§ Dataset records:
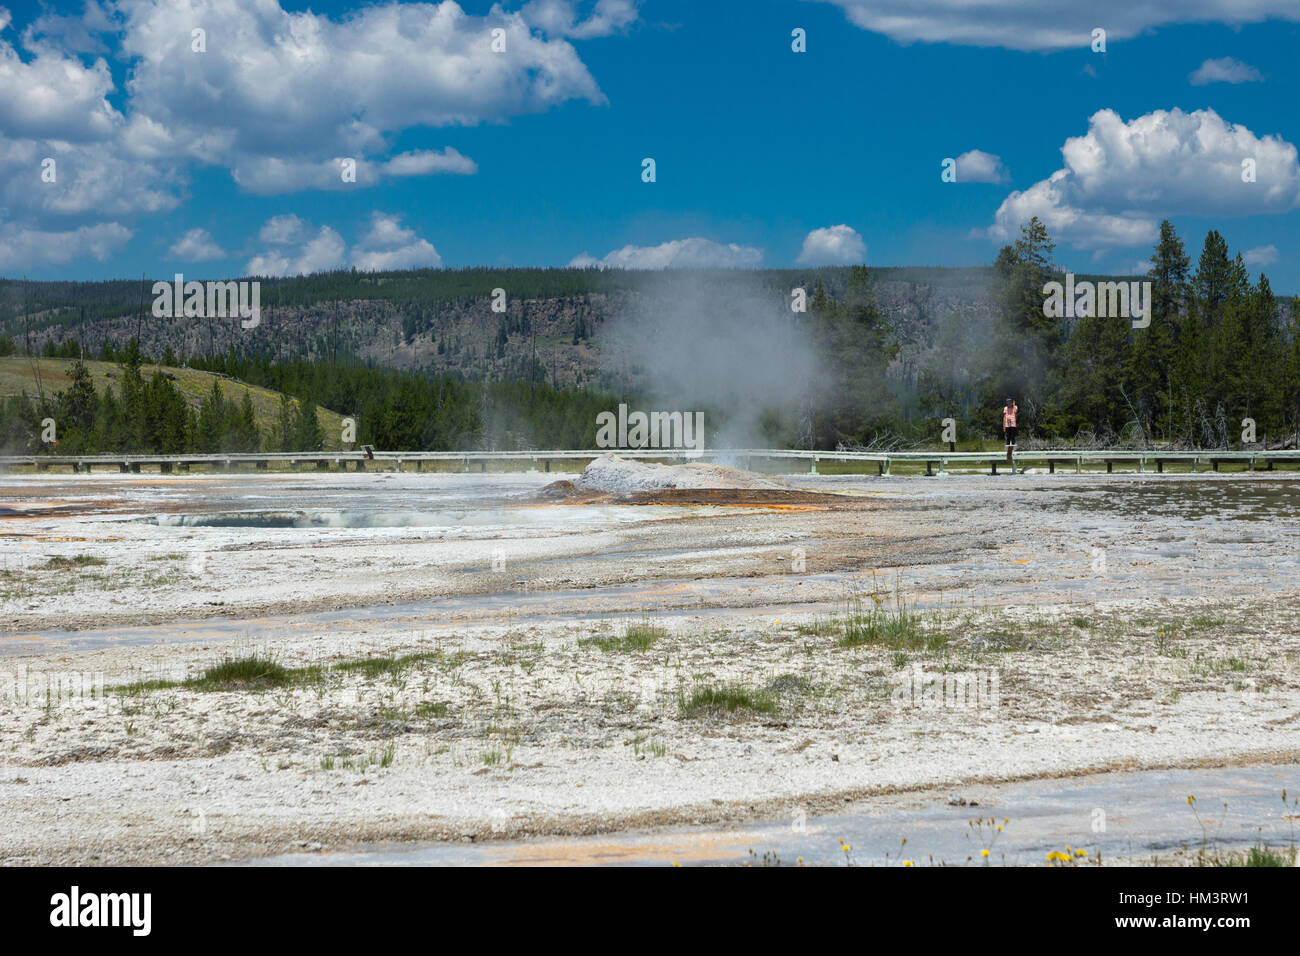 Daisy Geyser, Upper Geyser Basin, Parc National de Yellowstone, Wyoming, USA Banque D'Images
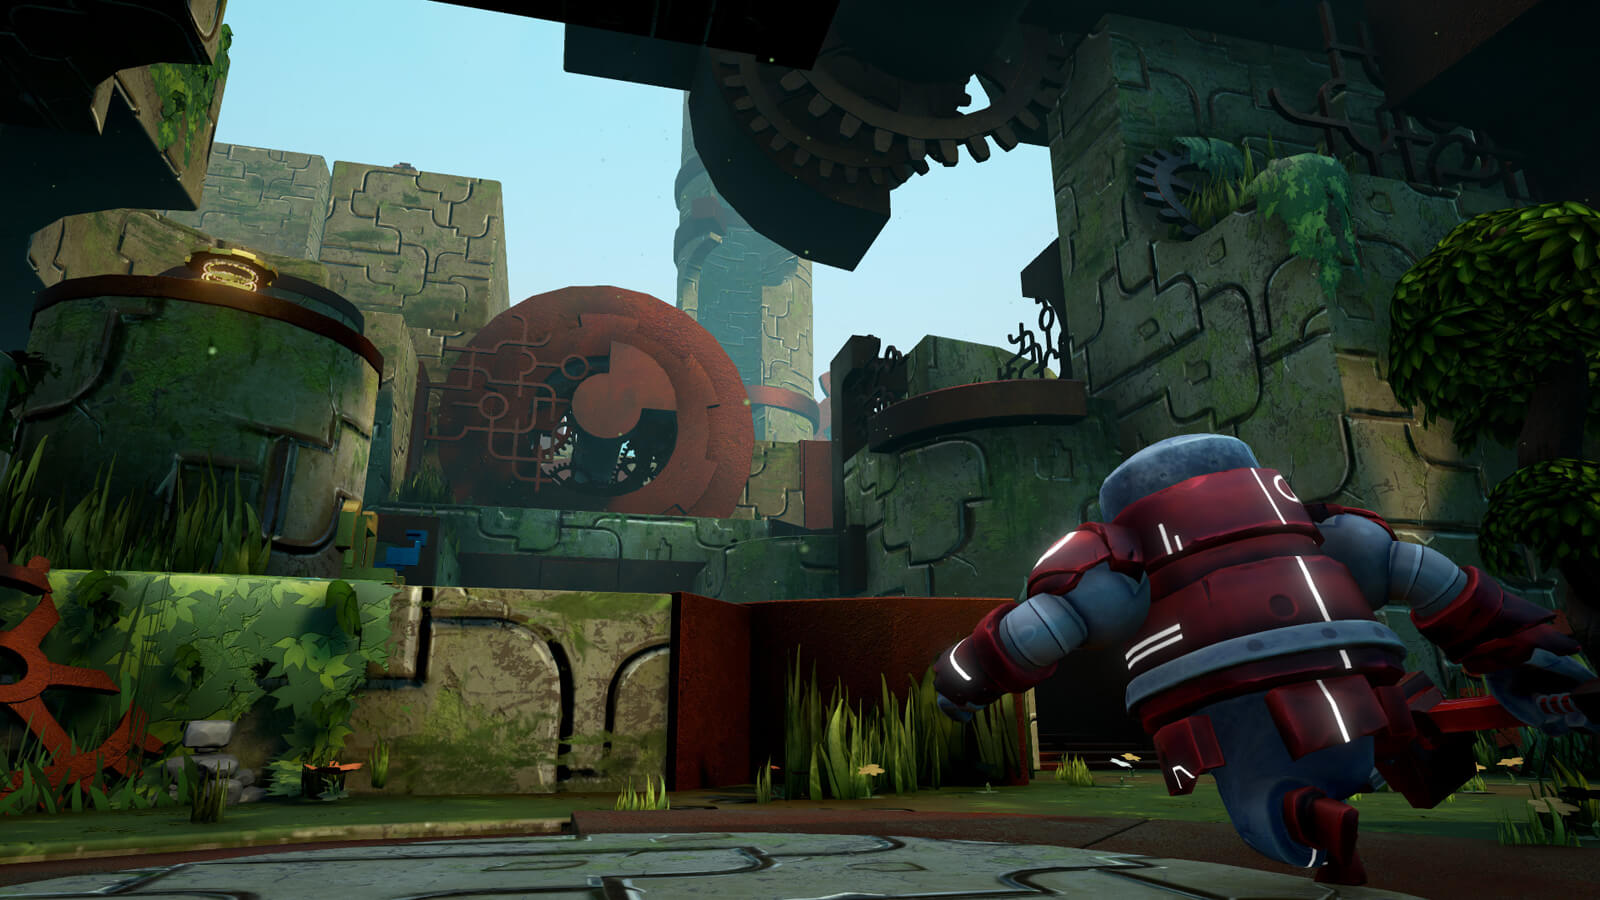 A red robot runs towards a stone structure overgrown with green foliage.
* * *
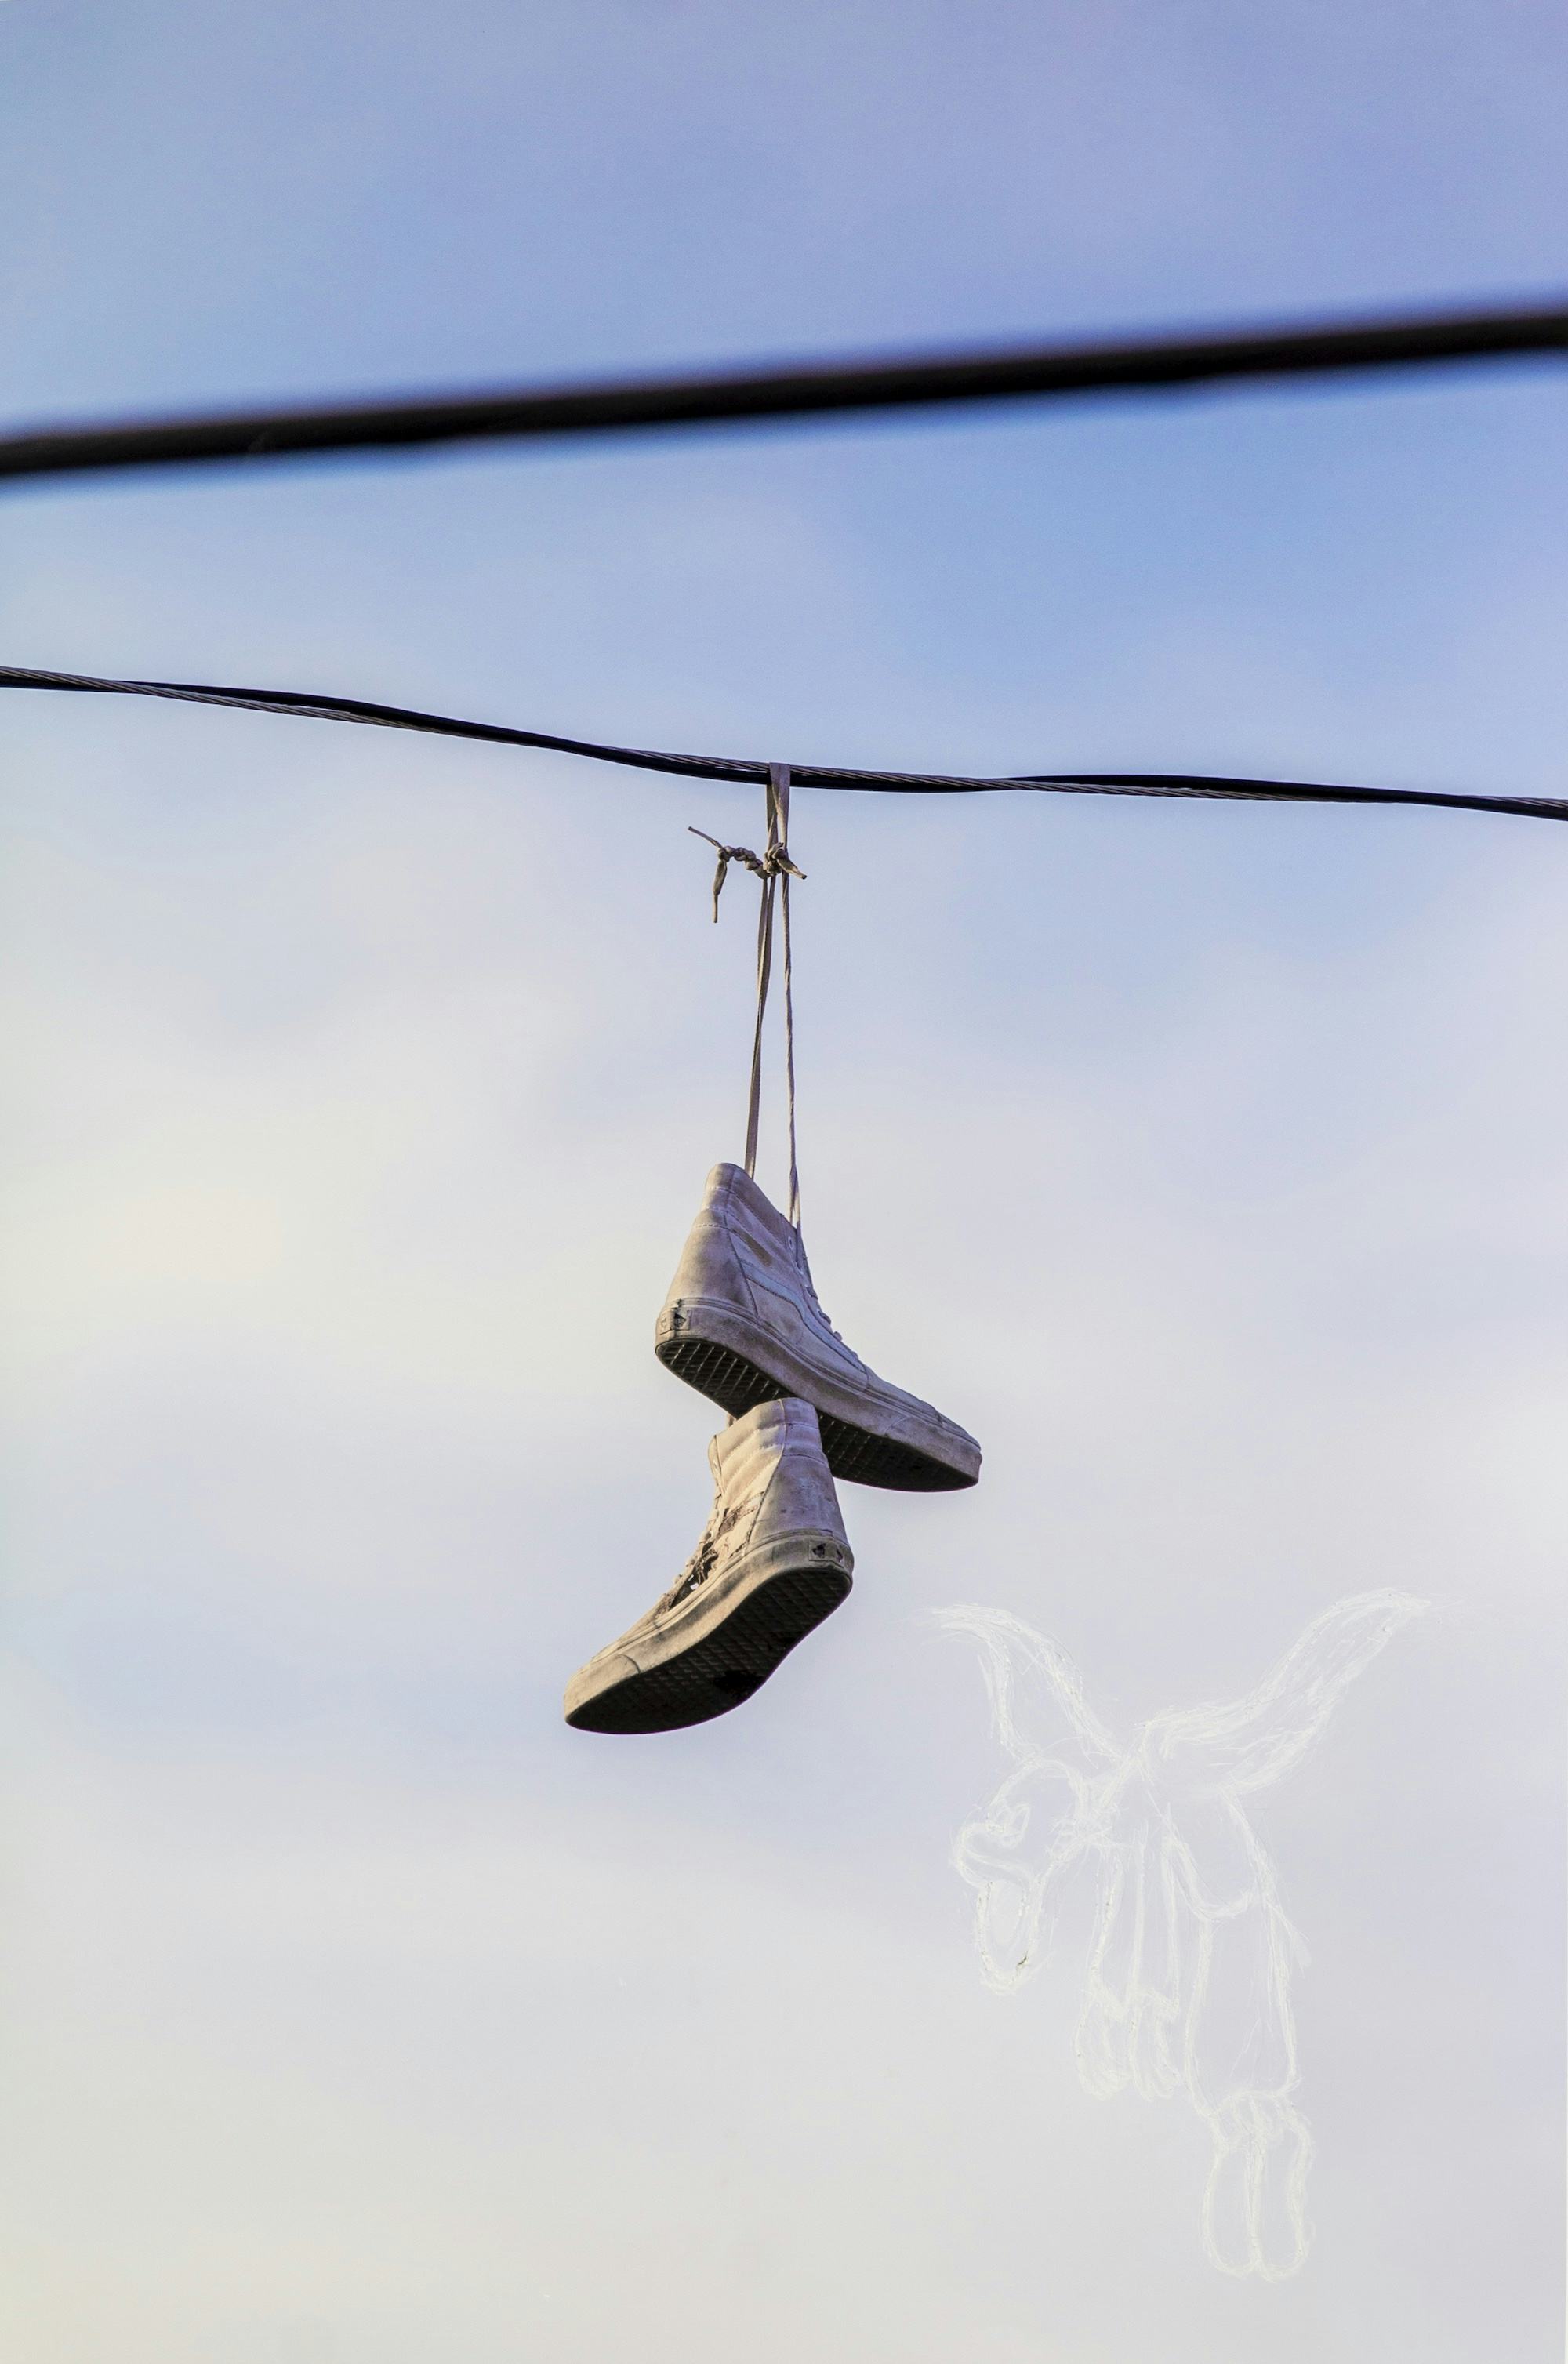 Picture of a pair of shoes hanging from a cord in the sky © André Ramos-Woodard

§ Work task:
Copy word for word the lines above, starting at the line containing "Daisy Geyser, Upper" and ending at the line containing "A red robot", inclusive, with no pictures.

§ Response to this exercise:
 Daisy Geyser, Upper Geyser Basin, Parc National de Yellowstone, Wyoming, USA Banque D'Images
 A red robot runs towards a stone structure overgrown with green foliage.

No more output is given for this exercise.